Randomized matrix decompositions for faster scientific computing
Traditional numerical methods based on expensive matrix factorizations struggle with the scale of modern scientific applications. For example, kernel-based algorithms take a data set of size N, form a kernel matrix of size N x N, and then perform an eigendecomposition or inversion at a cost of O(N^3) operations. For data sets of size N >= 10^5, kernel learning is too expensive, straining the limits of personal workstations and even dedicated computing clusters. Randomized iterative methods have emerged as a faster alternative to the classical approaches. These methods combine randomized exploration with information about which matrix structures are important, leading to significant speed gains.

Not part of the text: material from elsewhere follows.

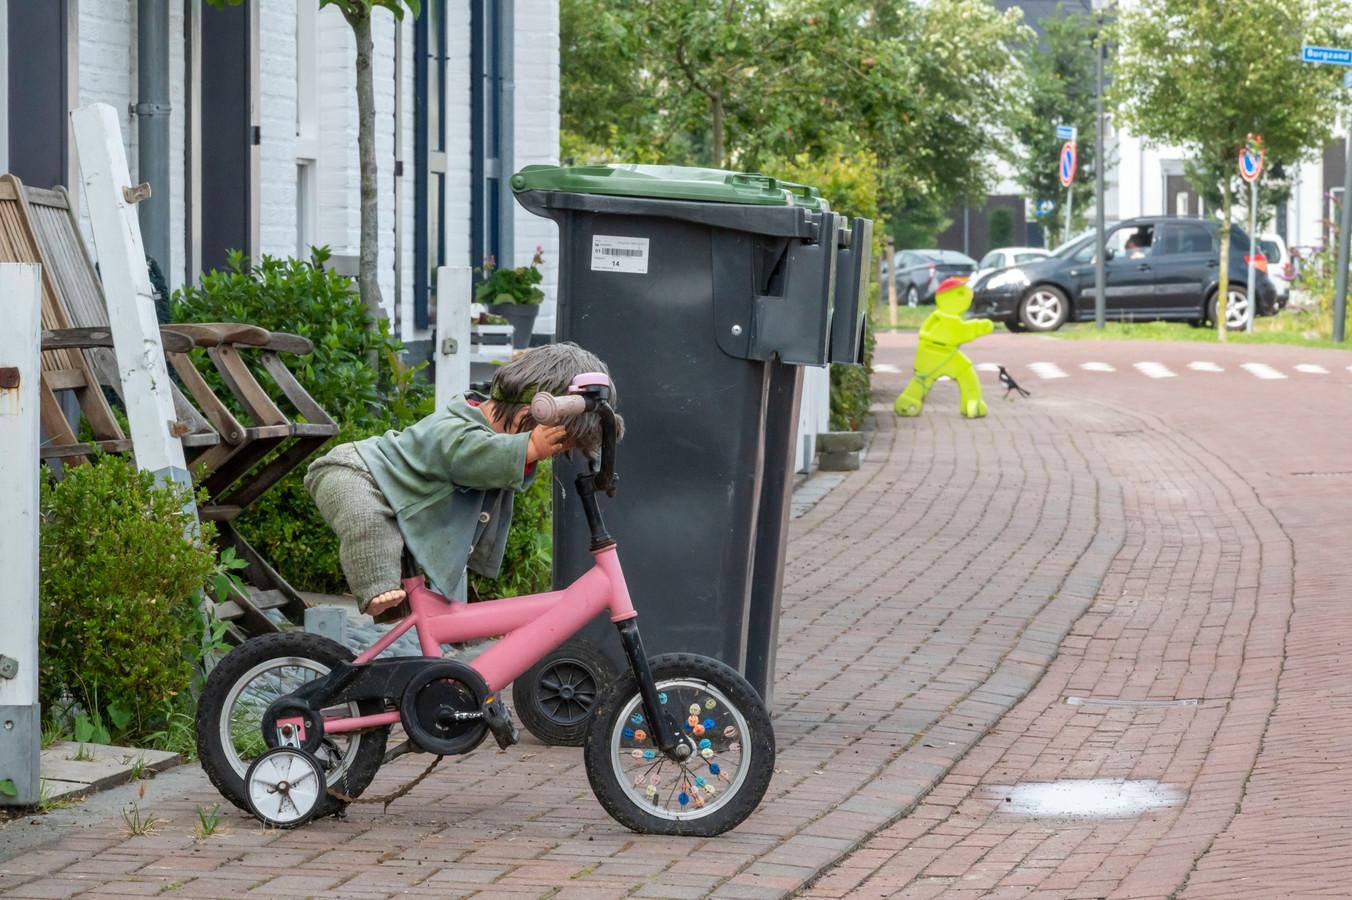 Met speelgoed - een pop op een fietsje - en een geel oversteekmannetje proberen bewoners van het Zuidereiland automobilisten ervan te doordringen dat ze langzaam zouden moeten rijden.

In this talk, I will review recent developments concerning two randomized algorithms. The first is "randomized block Krylov iteration", which uses an array of random Gaussian test vectors to probe a large data matrix in order to provide a randomized principal component analysis. Remarkably, this approach works well even when the matrix of interest is not low-rank. The second algorithm is "randomly pivoted Cholesky decomposition", which iteratively samples columns from a positive semidefinite matrix using a novelty metric and reconstructs the matrix from the randomly selected columns. Ultimately, both algorithms furnish a randomized approximation of an N x N matrix with a reduced rank k << N, which enables fast inversion or singular value decomposition at a cost of O(N k^2) operations. The speed-up factor from N^3 to N k^2 operations can be 3 million. The newest algorithms achieve this speed-up factor while guaranteeing performance across a broad range of input matrices.

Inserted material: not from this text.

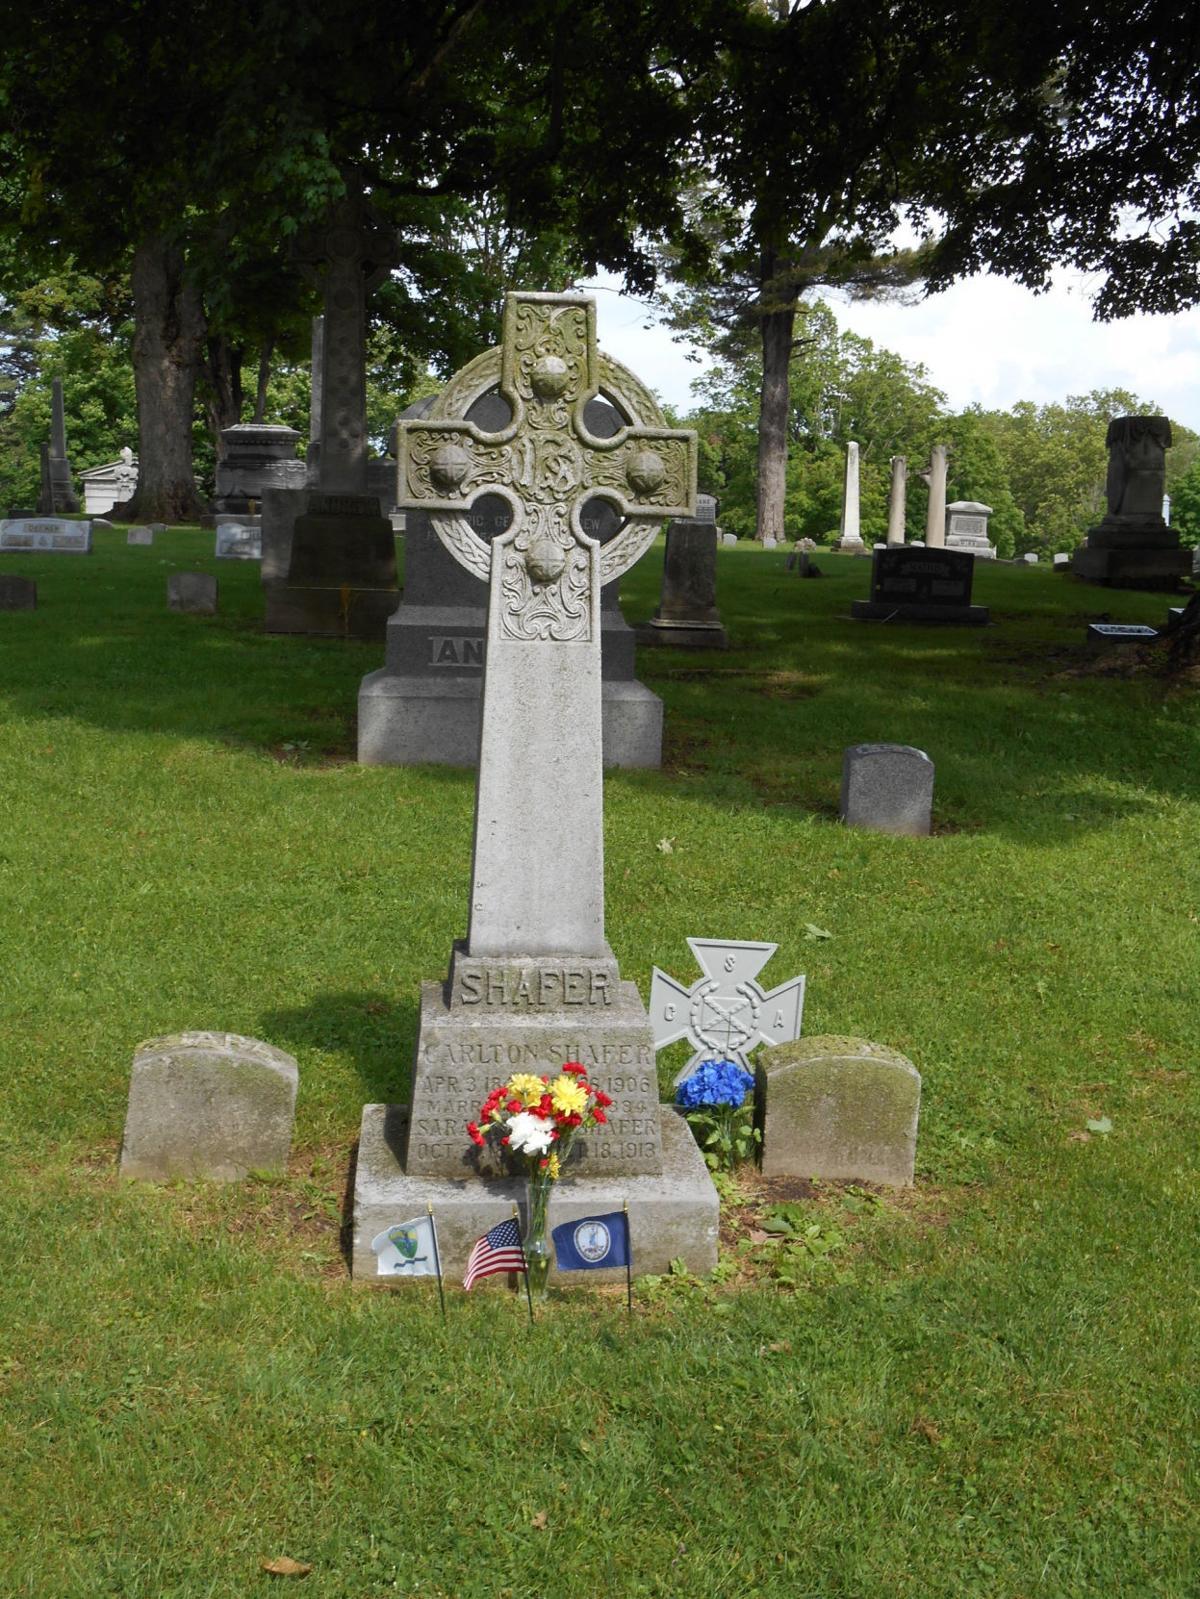 Carlton Shafer's grave

Large subgroups in higher rank
Let G be a higher-rank semisimple Lie group (for example, SL_n(R), n > 2). Lattices of G are well understood, thanks to the celebrated Margulis’ arithmeticity theorem. The infinite covolume discrete subgroups of G remain much more mysterious. There has been a lot of progress towards understanding some special classes of subgroups, like the Anosov subgroups, but it is still hard to find "large" discrete subgroups other than the lattices themselves. It is natural to ask if this apparent lack of examples could be explained by new rigidity phenomena. In my talk, I'll make this question more precise and present several instances where the answer is yes, for example, the confined discrete subgroups (j.w. Tsachik Gelander) and the discrete subgroups with finite Bowen-Margulis-Sullivan measure (j.w. Minju Lee).